You might want to see what's happening in Query.java in the
parse method also.
Howie
Howie,
I inspected my index using Luke and 20060801 shows up several times in
the index. I'm unable to query pretty much any field. Several people seem
to be having the same problem. Does anyone know whats going on?
This is one of the last things I have to resolve to have Nutch deployed
successfully at my organization. Unfortunately, Friday is my last day. Can
anyone offer any assistance??
Thanks,
Matt
Howie Wang wrote:
I think that I have problems querying for numbers and
words with digits in them. Now that I think of it, is it
possible it has something to do with the stemming in
either the query filter or indexing? In either case, I would
print out the text that is being indexed and the phrases
added to the query. You could also using luke to inspect
your index and see whether 20060801 shows up anywhere.
Howie
I tried looked for a page that had the date 20060801 and the text "test"
in the page. I tried the following:
date: 20060801 test
and
date 20060721-20060803 test
Neither worked, any ideas??
Matt
Matthew Holt wrote:
Thanks Jake,
However, it seems to me that it makes most sense that a query should
return all pages that match the query, instead of acting as a content
filter. However, I know its something easy to suggest when you're not
having to implement it, so just a suggestion.
Matt
Vanderdray, Jacob wrote:
Try querying with both the date and something you'd expect to find in
the content. The field query filter is just a filter. It only
restricts your results to things that match the basic query and has the
contents you require in the field. So if you query for "date:2006080
text" you'll be searching for documents that contain "text" in one of
the default query fields and has the value 2006080 in the date field.

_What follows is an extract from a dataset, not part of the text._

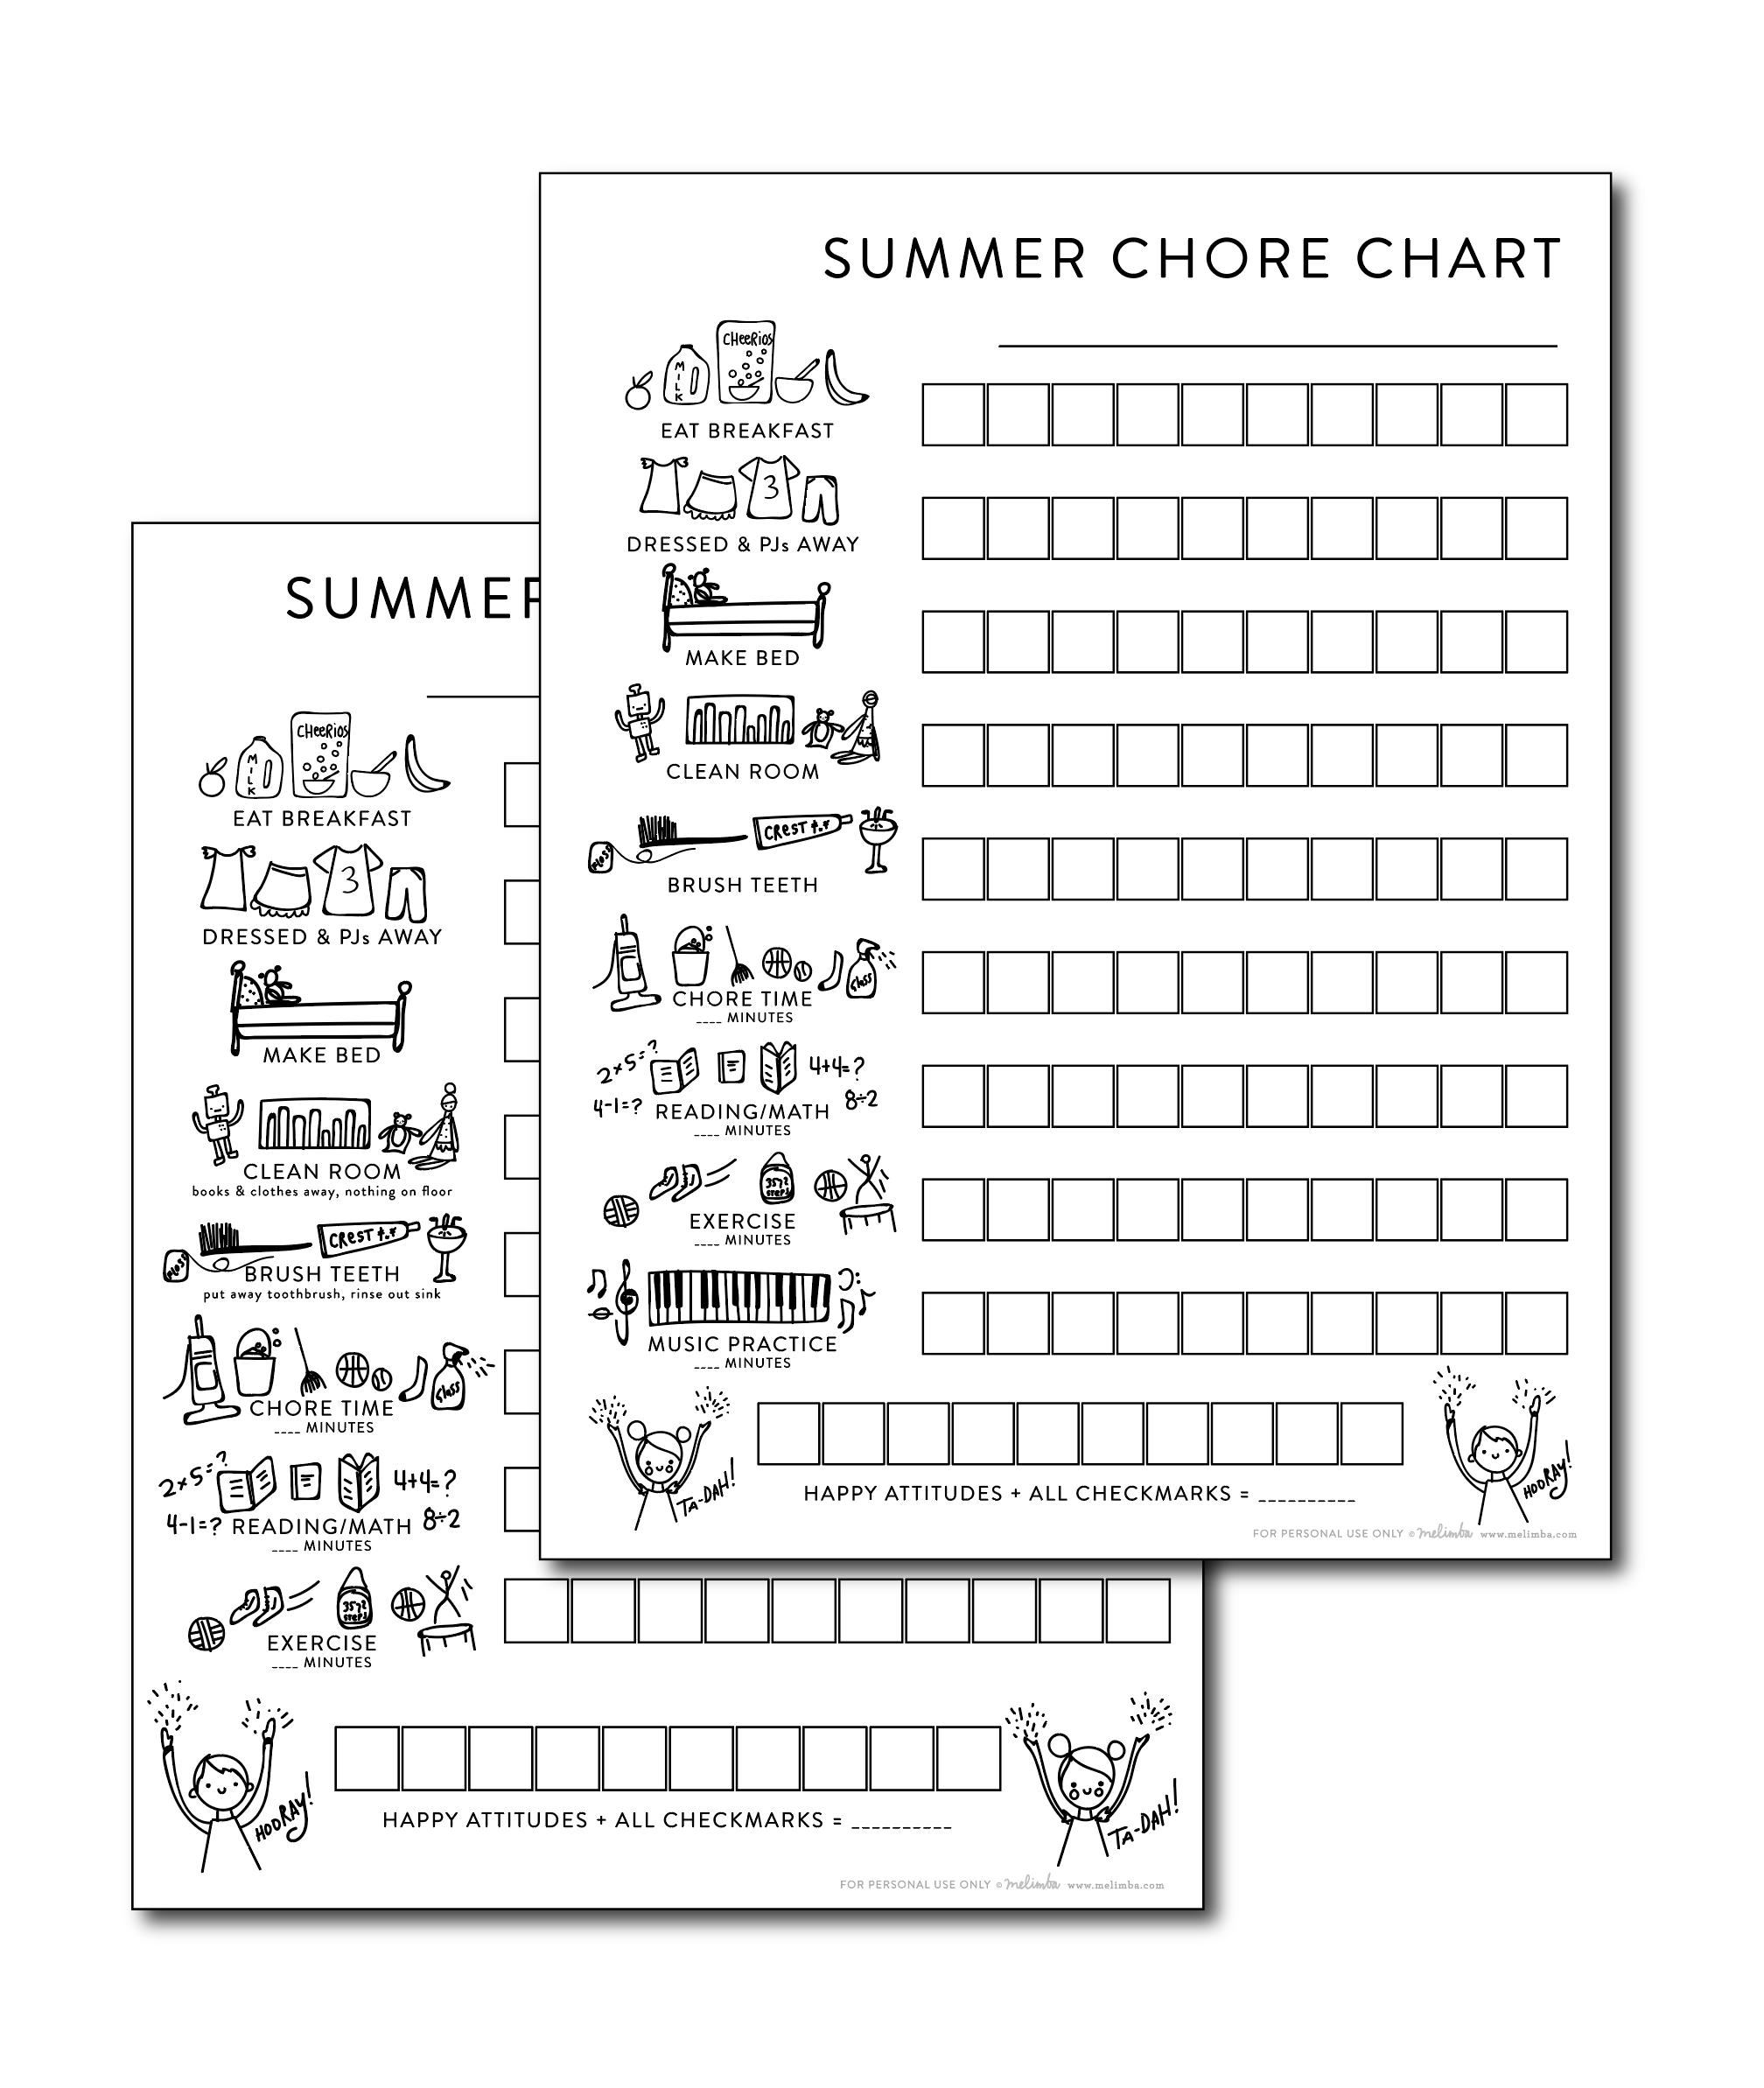 melimba chore chart product shot website

Leaving out text in that example would essentially be asking for
nothing in the default fields and 2006080 in the date field which is
why it doesn't return any results.
Hope that helps,
Jake.
-----Original Message-----
From: Matthew Holt [mailto:[EMAIL PROTECTED]
Sent: Wed 8/2/2006 4:58 PM
To: [email protected]
Subject: Querying Fields
I am unable to query fields in my index in the method that has been
suggested. I used Luke to examine my index and the following field
types exist:
anchor, boost, content, contentLength, date, digest, host,
lastModified, primaryType, segment, site, subType, title, type, url
However, when I do a search using one of the fields, followed by a
colon, an incorrect result is returned. I used Luke to find the top
term in the date field which is '20060801'. I then searched using the
following query:
date: 20060801
Unfortunately, nothing was returned. The correct plugins are enabled,
here is an excerpt from my nutch-site.xml:
<property>
<name>plugin.includes</name>
<value>protocol-httpclient|urlfilter-regex|parse-(text|html|js|oo|pdf|msword|mspowerpoint|rtf|zip)|index-(basic|more)|query-(more|site|stemmer|url)|summary-basic|scoring-opic</value>
<description>Regular expression naming plugin directory names to
include. Any plugin not matching this expression is excluded.
In any case you need at least include the nutch-extensionpoints
plugin. By
default Nutch includes crawling just HTML and plain text via HTTP,
and basic indexing and search plugins.
</description>
</property>
Any ideas? I'm not the only one having the same problem, I saw an
earlier mailing list post but couldn't find any resolve... Thanks,
Matt